▶ _Your task_:
When you reach the line containing "Название: Раскраска Лист." in the data below, begin returning lines exactly as written, and stop once the line containing "COOLPIX P900 - 概要 | コンパクトデジタルカメラ | ニコンイメージング" has been returned.

▶ _Record set_:
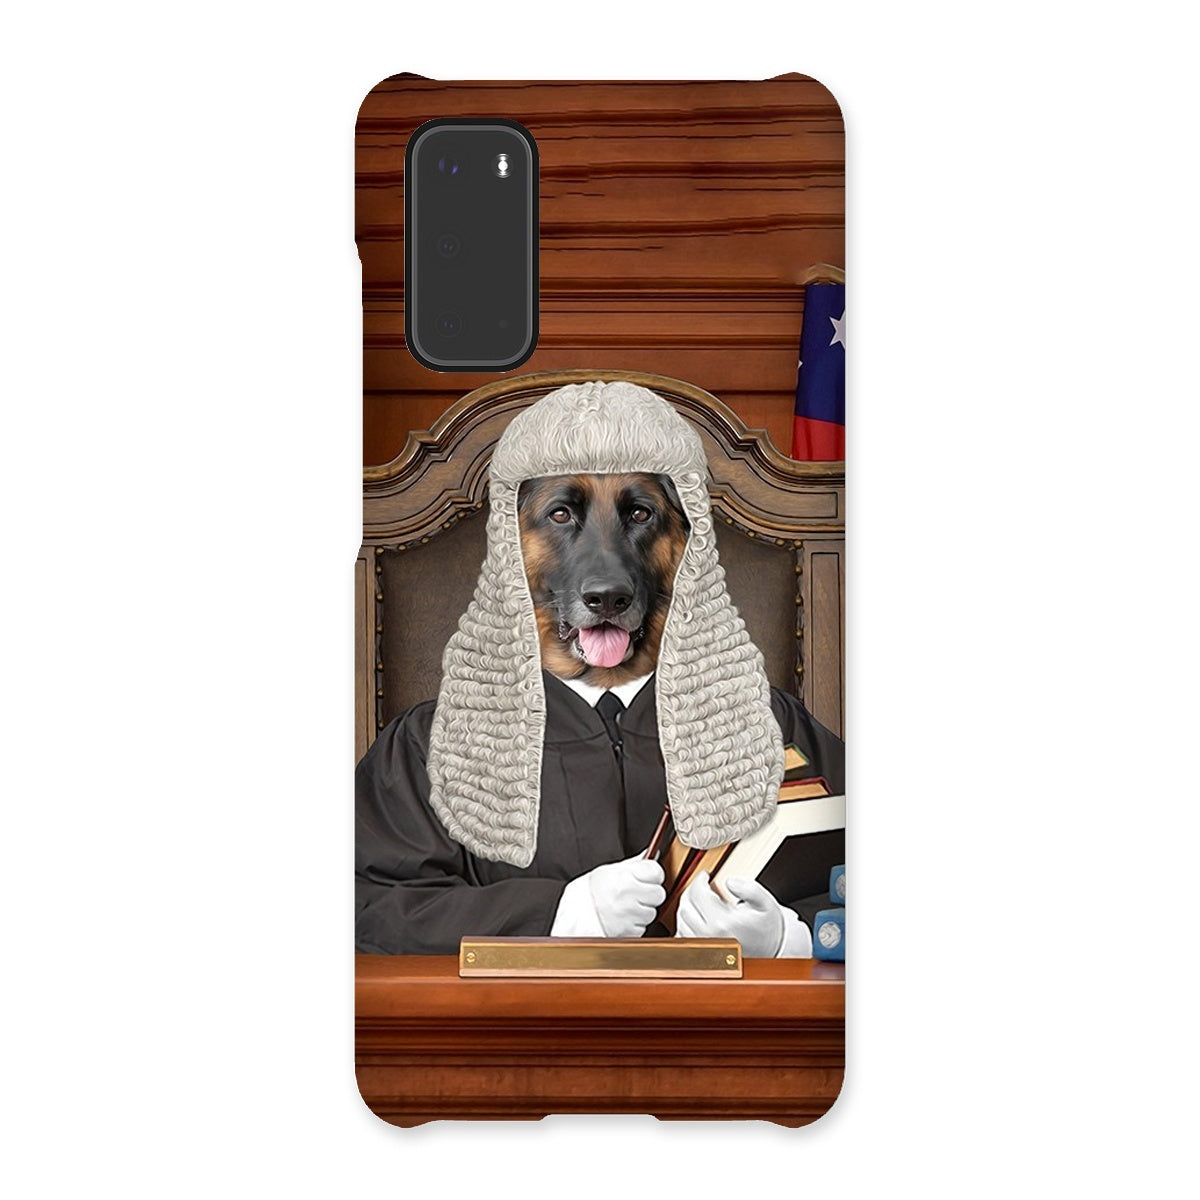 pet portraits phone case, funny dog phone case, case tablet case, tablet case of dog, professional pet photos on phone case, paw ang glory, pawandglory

---

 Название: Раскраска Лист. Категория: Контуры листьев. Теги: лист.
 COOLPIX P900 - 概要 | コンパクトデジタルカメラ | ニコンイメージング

▶ _Reply_:
 Название: Раскраска Лист. Категория: Контуры листьев. Теги: лист.
 COOLPIX P900 - 概要 | コンパクトデジタルカメラ | ニコンイメージング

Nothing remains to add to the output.